Four faculty and nine graduate students have been awarded research support from the Office of Global Engagement in the last round of the Global Mobility Program’s Faculty Research Grant and Graduate Research Fellowship.

PROVIDENCE, R.I. [Brown University] — The Office of Global Engagement has announced its latest round of Global Mobility Program funding recipients. The Faculty Research Grants and Graduate Research Fellowship were created to fund faculty and graduate student research abroad that falls under one of the themes highlighted in Building on Distinction, the University’s strategic plan.

The program also encourages applications from students and faculty who are working with current or potential international partner institutions as a way of strengthening Brown’s relationship with those institutions.

The Graduate Research Fellowships support doctoral-level research abroad for a period of three months during the summer or one academic semester and range from $9,000 for summer research to $13,000 for one academic semester. Funding for the fellowships is provided through a partnership with the Office of Global Engagement, the Graduate School and the Office of Academic Development, Diversity and Inclusion.

Faculty Research Grants support faculty research abroad for a period of two to six weeks and range between $1,800 and $8,000 depending on the country where research will be conducted and the length of stay.

Faculty Research Grant recipients

  • Kenny Breuer, engineering, for Magnetic Robotic Micro-Swimmers in France;
  • Masako Fidler, Slavic studies, for Extracting Human Experience from Large Language Corpora in the Czech Republic;
  • Lina Fruzzetti, anthropology, for Graffiti Challenge: Two Indian Cities Take on Silenced Issues in India;
  • Andrew Leslie, ecology and evolutionary biology, for Using the Fossil Record of Patagonia to Unravel the History of Southern Hemisphere Forests in Argentina.

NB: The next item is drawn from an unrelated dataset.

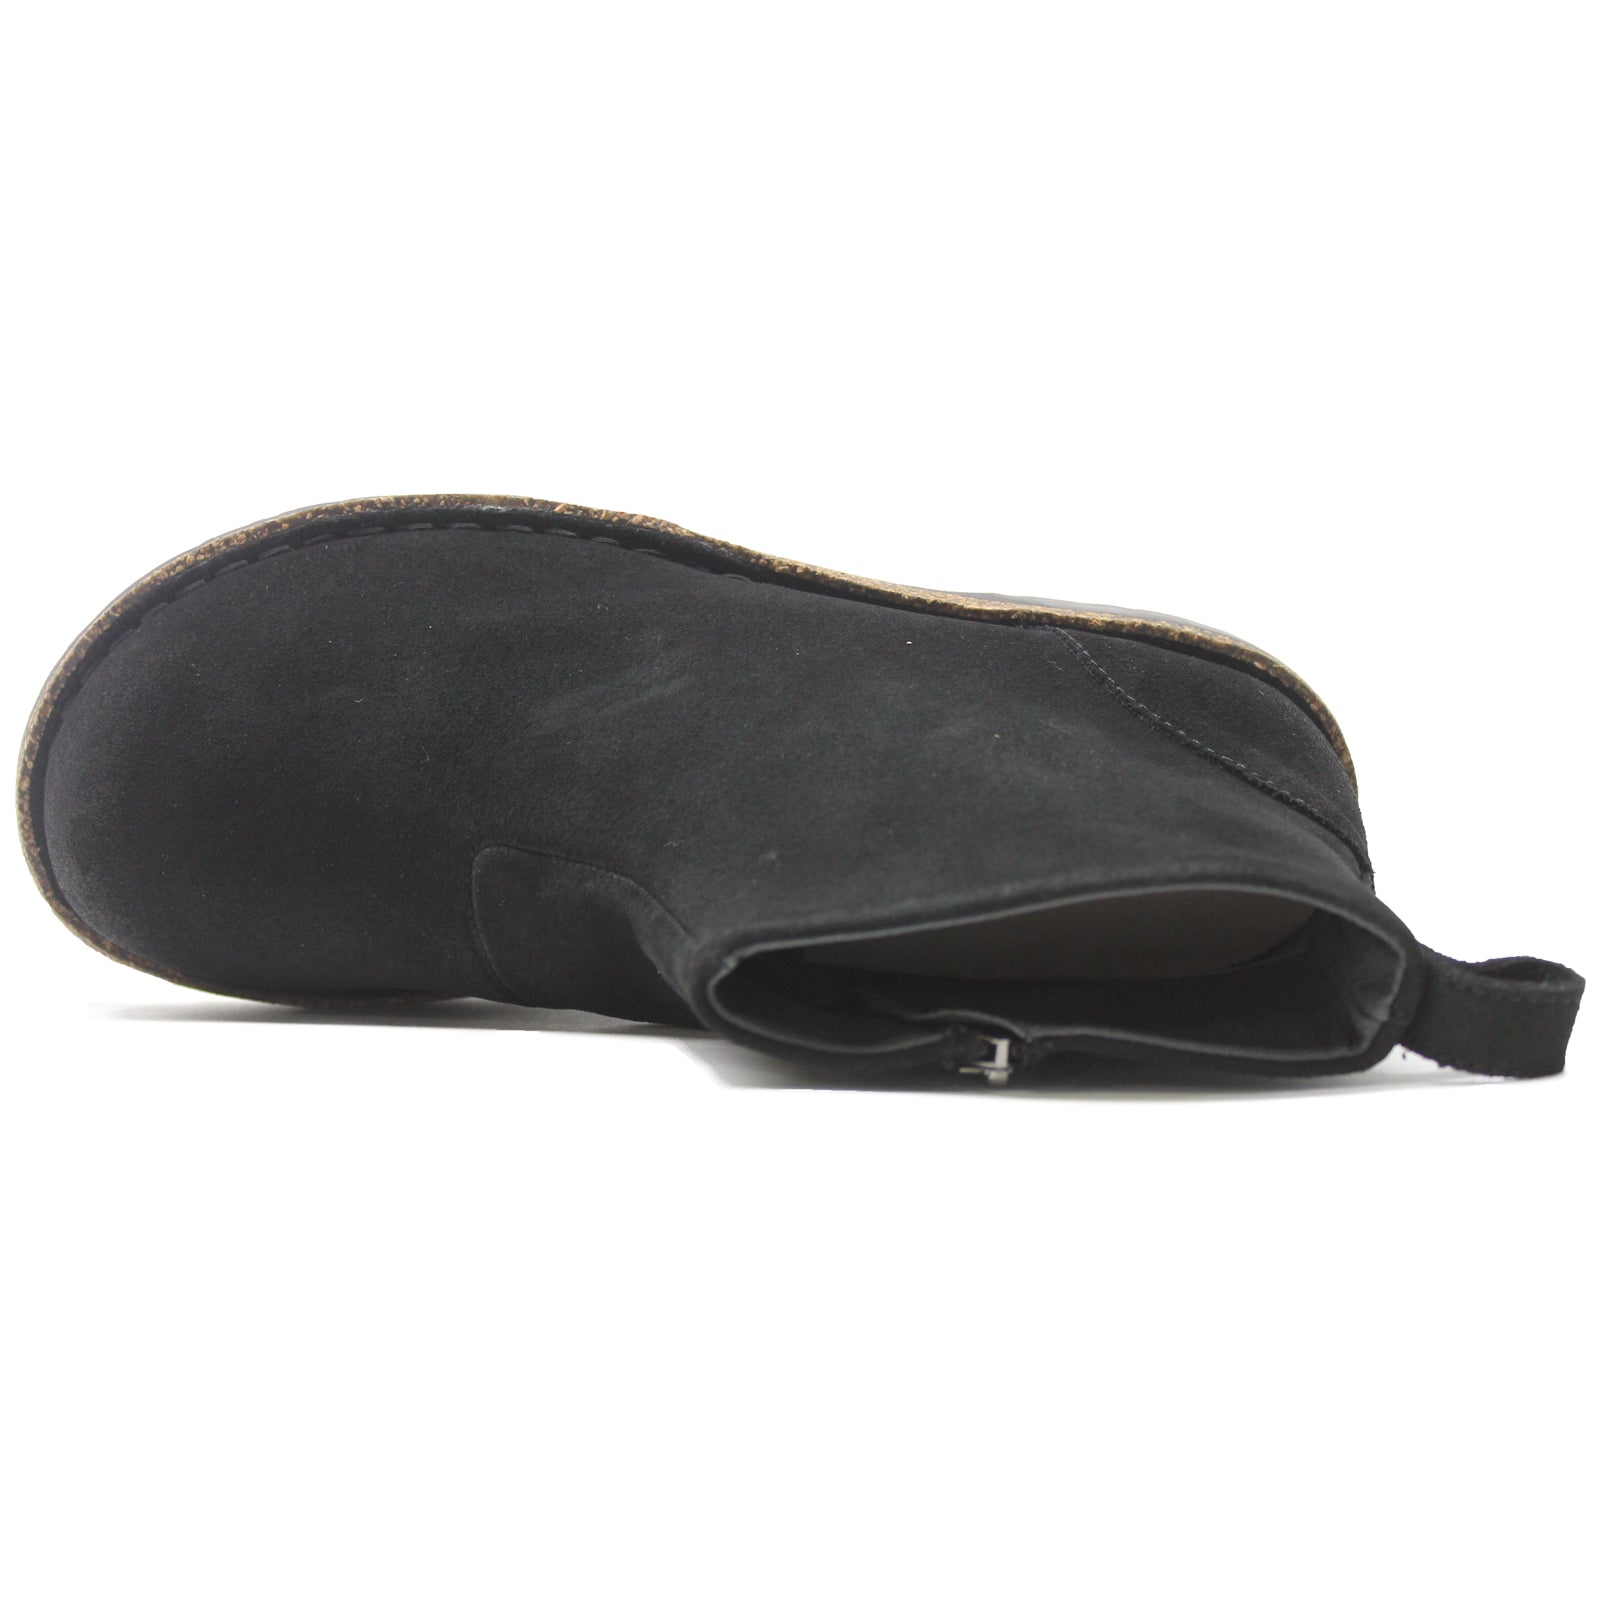 Birkenstock Melrose Suede Unisex Boots#color_black
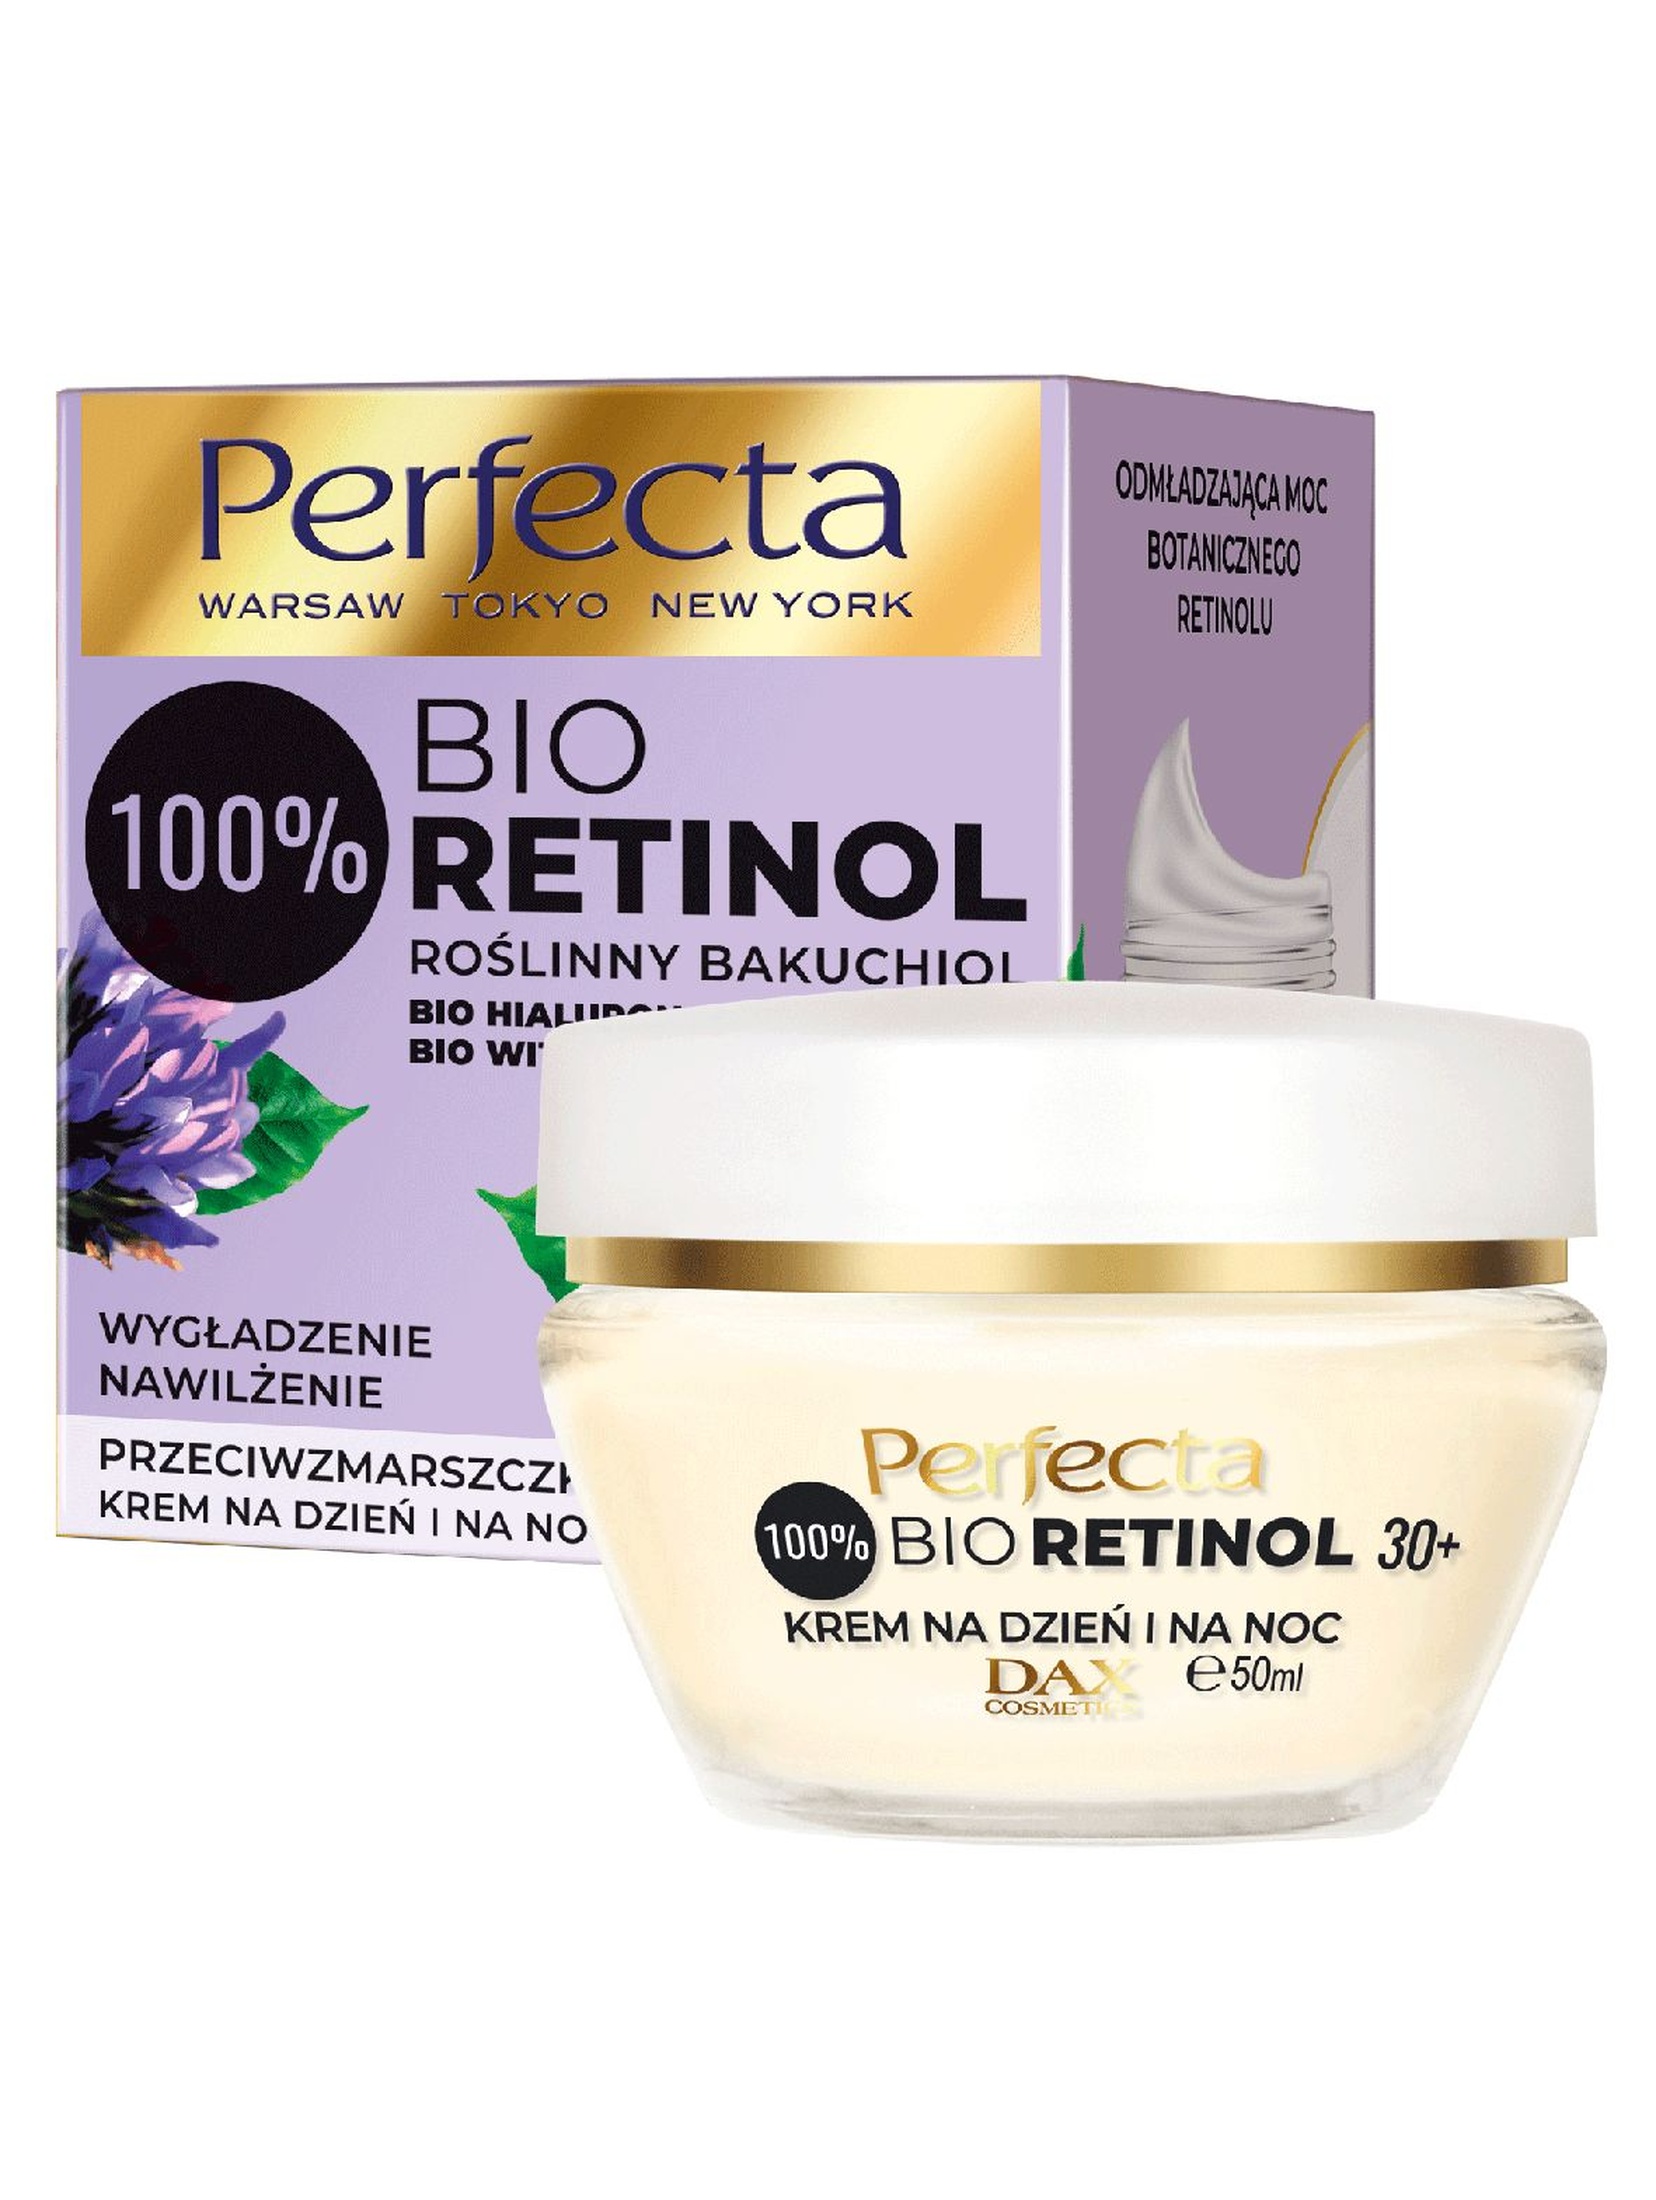 Perfecta Bio Retinol, krem do twarzy na dzień i na noc 30+, 50 ml

Graduate Research Fellowship recipients

  • Shamara Wyllie Alhassan, Africana studies, for Trodding the Path to the Maternal Goddess: Rastafari Women’s Intellectual Histories and Activism in Jamaica and Ghana in Jamaica;
  • Ben Bradlow, sociology, for The Politics of Urban Inequality in São Paulo in Comparative Perspective in Brazil;
  • Evan Cesanek, cognitive science, for Exploring Sensorimotor Recalibration of Reach-to-Grasp in Italy;
  • Malay Firoz, anthropology, for Liminal Sovereignty: The Politics of Humanitarian Aid in Jordan and Lebanon;
  • Katherine Freeze, ethnomusicology, for The Cry of the Tanbur: Strategic Self-Representation at the Gurminj Museum of Musical Instruments in Dushanbe, Tajikistan ;
  • Elizabeth Gray, comparative literature, for Latin American Cartoneras: Alternative Publishing, Poetry, and Social Justice in Argentina and Chile;
  • Andre Pagliarini, history, for Much Less a Nation: Reformism and its Discontents in Modern Brazil, 1945-1995 in Brazil;
  • Sylivia Shangani, behavioral social sciences, for Evaluation of Healthcare Workers’ Competence in Providing Comprehensive HIV Care to Men Who Have sex With Men in Western Kenya ;
  • Bill Skinner, history of art and architecture, for Scientific Architecture through the Caribbean, 1910-45 in the United Kingdom.